Preserving clusters with Common script bases in script segmentation
NorbertLindenberg opened this issue · 2 comments
The algorithms documented in Script Segmentation have one problem in common: They do not guarantee to keep clusters (in the OpenType sense) together that have a base whose script property is Common. The most important such bases are U+00A0 NO-BREAK SPACE, which The Unicode Standard (page 60) recommends as the base for showing nonspacing marks in isolation, and U+25CC DOTTED CIRCLE, which is commonly used in code charts or on keyboards for the same purpose.
The Script Segmentation document discusses this issue, but concludes:
The fact that the run breaking algorithm may miscategorise the script of a common character is not a problem unless that character undergoes specific script only styling. If the C characters here should be rendered/shaped differently according to whether they resolve to script A or B, then their correct categorisation becomes important.
I believe this underestimates the problem. The failure to keep such clusters together leads to the following issues:
- OpenType shaping engines or AAT fonts may insert additional dotted circles before the combining marks which reaches them without the base character that the author has already provided. For example, if I write ◌ៀ (that’s U+25CC DOTTED CIRCLE and U+17C0 KHMER VOWEL SIGN IE), you’ll very likely see two dotted circles where the document contains only one. However, this behavior is dependent on both the textual context and specific implementations of OpenType shaping engines and AAT fonts, so it can’t be relied on either if you do want a dotted circle. This issue has been extensively documented by Richard Ishida (“The Combining Character Conundrum”) and by Marc Durdin.

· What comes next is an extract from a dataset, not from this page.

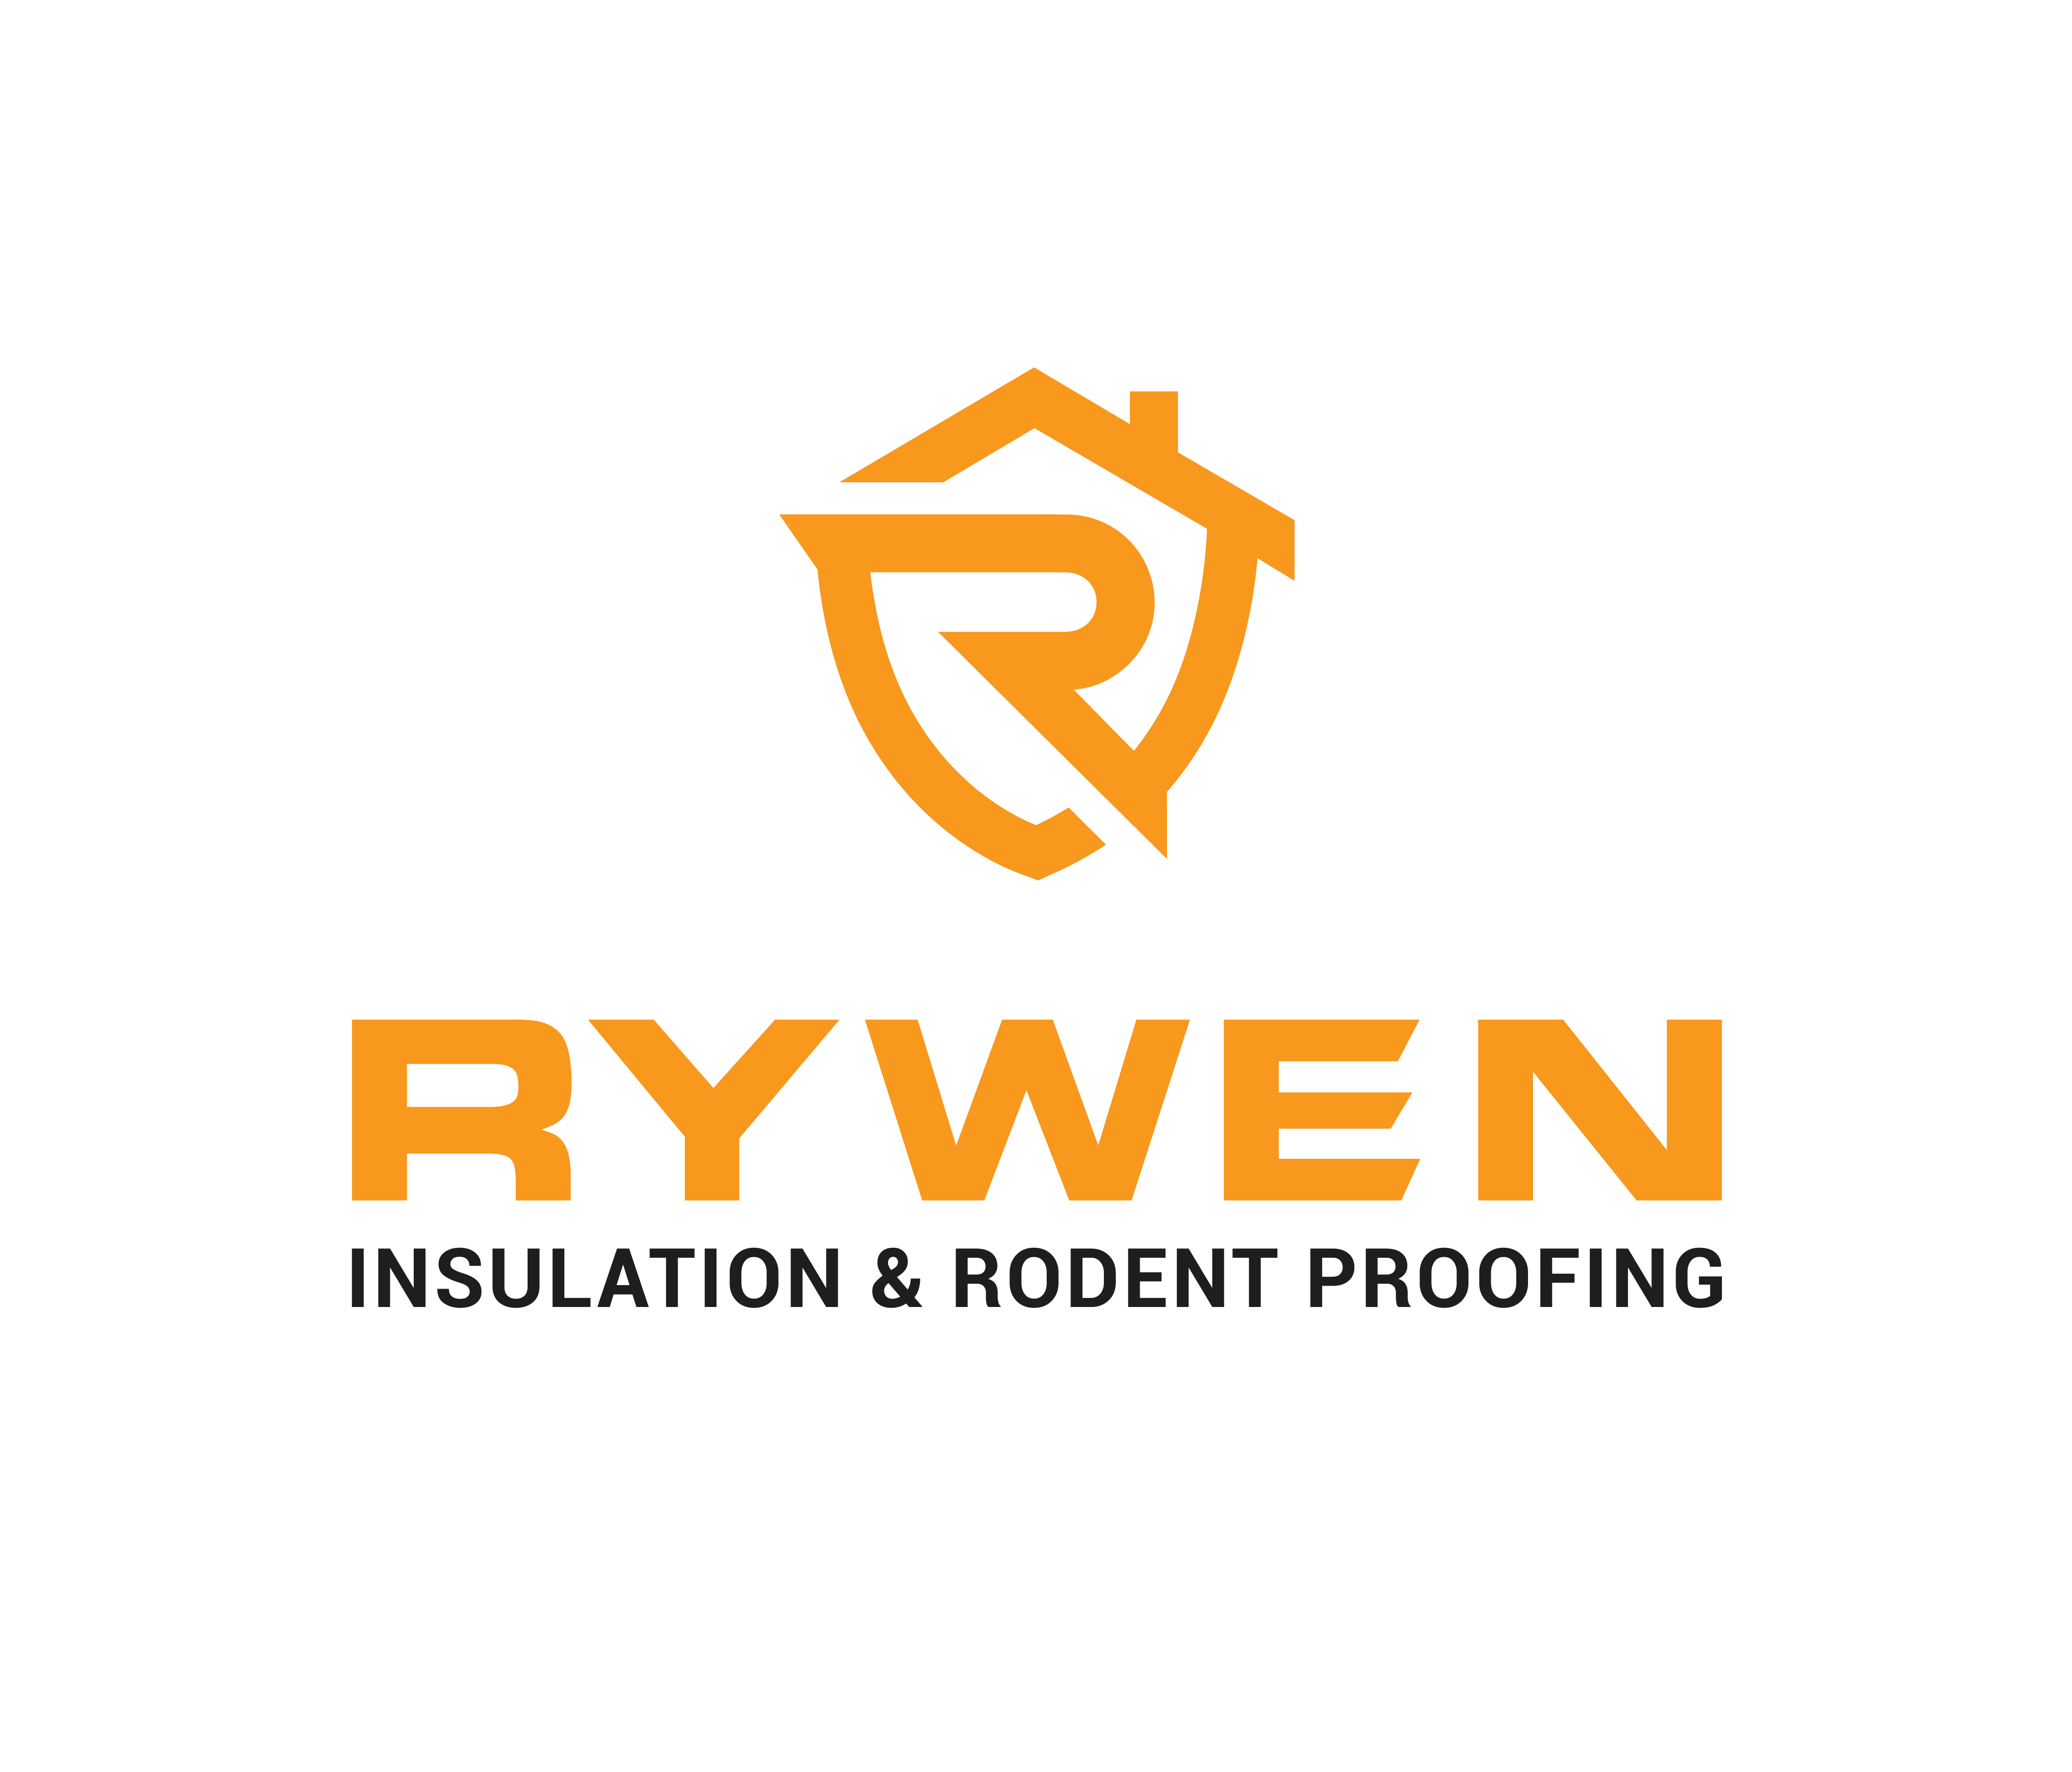 Rywen Insulation & Rodent Proofing - Unlicensed Contractor Logo

- If a cluster has more than one combining mark, OpenType shaping engines or AAT fonts may break it up even further by inserting a dotted circle before every single mark. This is especially toxic for some Brahmic scripts, where a syllable may include virama characters that are not known outside of Unicode but are used to encode subjoined consonants. For example, if I try to show the subjoined Myanmar consonant wa using ◌္ဝ (that’s U+25CC DOTTED CIRCLE, U+1039 MYANMAR SIGN VIRAMA, U+101D MYANMAR LETTER WA), you’ll very likely see a character ္ that doesn’t occur outside of Unicode, and the consonant ဝ to the right rather than below the base.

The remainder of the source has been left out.